IBM InfoSphere Streams and the Uppsala University Space Weather Project
In 2006, the International Astronomical Union (IAU) decided Pluto was no longer a planet, but rather that it was a dwarf planet. Then in 2008, the same group decided Pluto was a plutoid instead of a dwarf planet. This year, the IAU met August 3–14 in Brazil, and while at the time of this writing, that hasn't happened yet, Pluto's official title is expected to come up once again.
One of the big problems with Pluto is that we just don't have enough information about it. Apart from some very distant images and behavioral observations, much of our Plutonian information is mathematical guesswork. If we turn our focus to the opposite side of the solar system, however, the dilemma reverses.

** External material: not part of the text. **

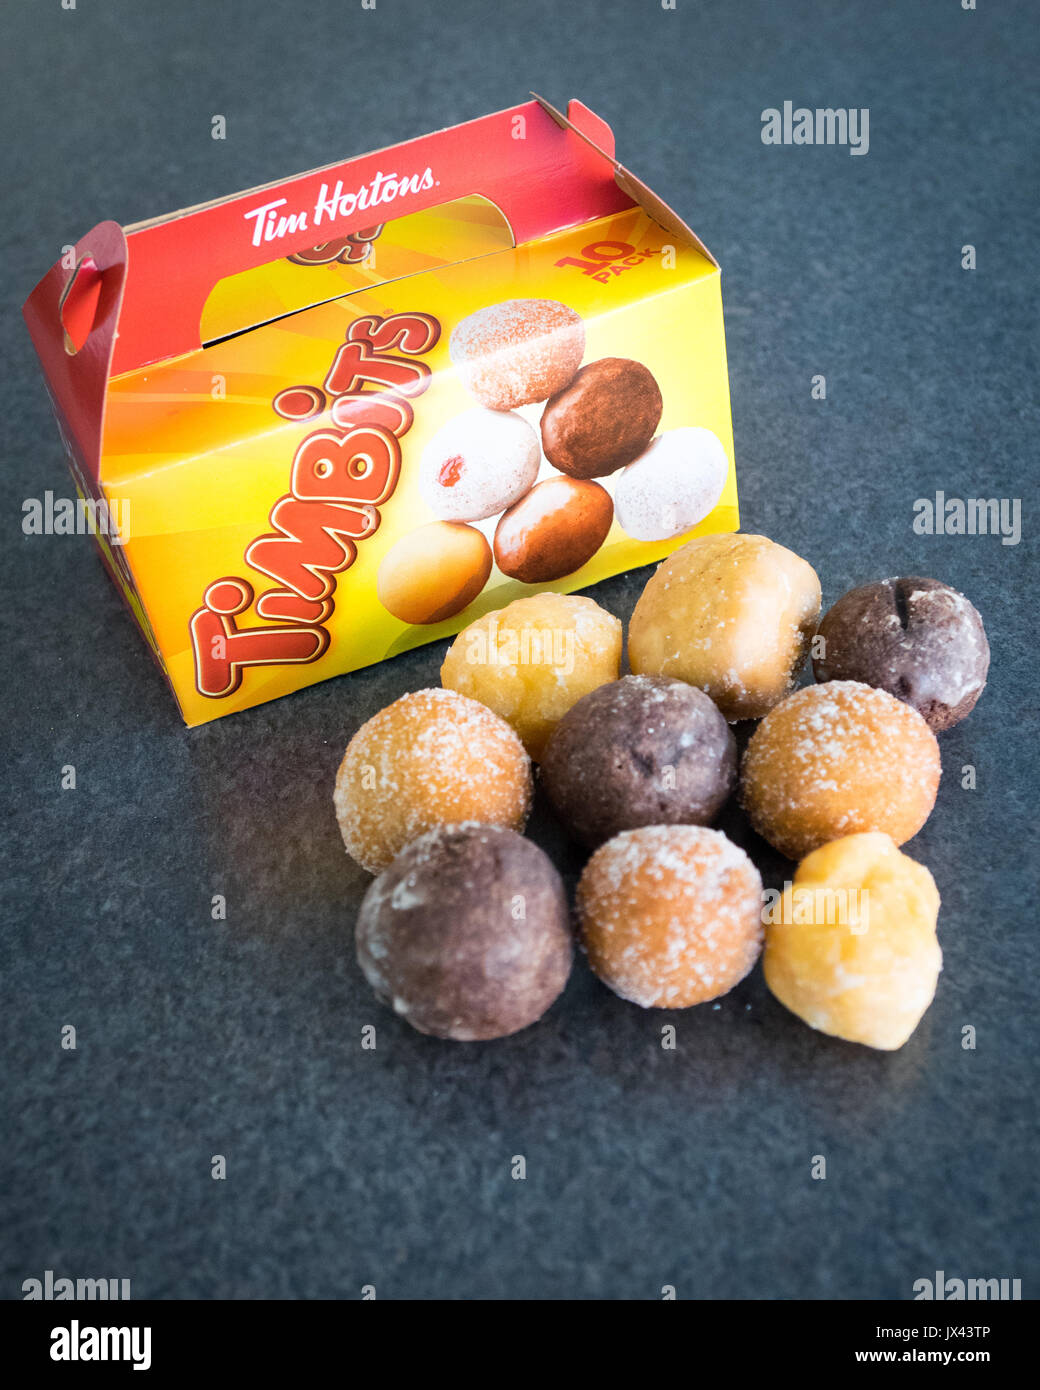 Timbits (agujeros de donut, donut agujeros) de Tim Hortons, una conocida cadena de restaurantes de comida rápida de Canadá. Foto de stock

The amount of information we can gather about the Sun is so great, it's difficult to capture it, much less do anything useful with the data.
On January 8, 2008, Solar Cycle 24 started. Although that might seem insignificant to most people, in about three years, it will be reaching its peak (Figure 1). Solar storms, or space weather, can have a very significant effect on modern society. These invisible outbursts can take out satellites, disrupt electrical grids and shut down radio communications. There is nothing we can do to avoid solar storms; however, early detection would make it possible to minimize the effects. And, that's what researchers at Uppsala University in Sweden are trying to do.
The problem is the amount of data being collected by the digital radio receivers—to be precise, about 6GB of raw data per second. There is no way to store all the data to analyze later, so Uppsala teamed up with IBM and its InfoSphere Streams software to analyze the data in real time.
LJ Associate Editor Mitch Frazier and I had an opportunity to speak with both IBM and Uppsala, and we asked them for more information on how such a feat is accomplished. We weren't surprised to hear, “using Linux”. Here's our Q&A session, with some of my commentary sprinkled in.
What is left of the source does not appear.